Umodzi Party president, Professor John Chisi is demanding Malawi Police Service (MPS) Inspector General (IG) Rodney Jose to resign for allegedly failing in his role to stop abductions and killings of people with albinism.
Chisi said the killings are avoidable but police are lacking a strategy and have taken a back seat in dealing with the abomination.
“This issue of albino killings is unacceptable. These are avoidable deaths. The police have failed us, as they have the National Intelligence Bureau yet are doing nothing,” Chisi said.
He asks Jose to conduct a news conference to let the nation know why they are failing to end the malpractice.
Chisi said the failure by MPS to update the nation on the steps and progress so far made in the search for perpetrators and measures to protect person with albinism is “clear evidence of the IG’s incompetence in handling the matter.”
He said: “This is the incompetence of the Malawi Police Service, if they are being stopped by politicians in the fight against the killings, they should come out, and say it.”

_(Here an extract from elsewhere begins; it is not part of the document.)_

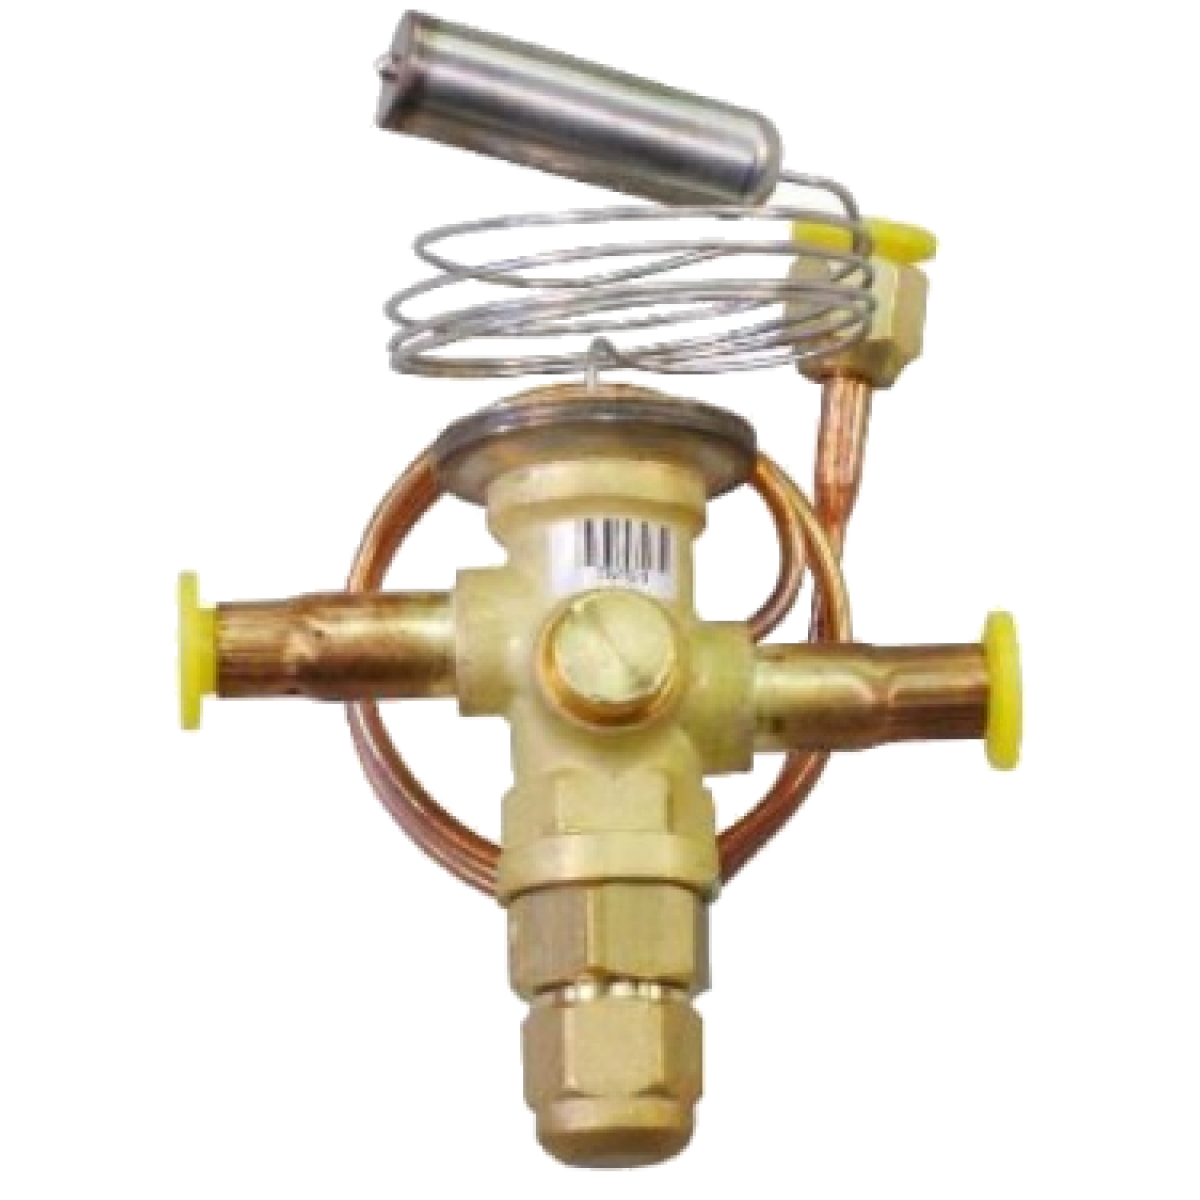 Goodman 5 0 Ton 17 Seer Heat Pump Two Stage Variable Speed

The opposition and civil society organisations (CSOs) have been accusing government of failing to deal with the vice, while President Peter Mutharika continues to hit back at such criticism, saying government is doing all it can to curb the vice, and that it is every one’s duty to fight the killings.
Malawi Congress Party (MCP) leader Lazarus Chakwera said during a press briefing in Lilongwe last week said President Peter Mutharika should stop being “a coward” and deal with the atrocities once and for all. He said his administration would end the attacks, abductions and killings of persons with albinism if voted into government during the May 21 Tripartite Elections.
But Mutharika, speaking during the commissioning of the $50 million (about K36 billion) World Bank-funded Kamuzu Barrage and bridge on Monday in Liwonde, said by not providing the solution now, his critics have no solution.
He said: “The issue of abduction and killings of persons with albinism is complex and is disheartening. When such reports started, I sent the Inspector General of Police to Rwanda and Tanzania to learn how our colleagues have managed to contain the problem. They came up with a National Action Plan which, among others, recommended that police units be constructed in all areas to increase security.
“It is sad that someone is saying I am a coward and that I am doing nothing to deal with the issue. Let me warn you, do not politicise this issue.”
Since November 2014, the number of reported crimes against people with albinism in Malawi has risen to 152 cases, including 25 murders and more than 10 people missing, according to Association of People with Albinism in Malawi.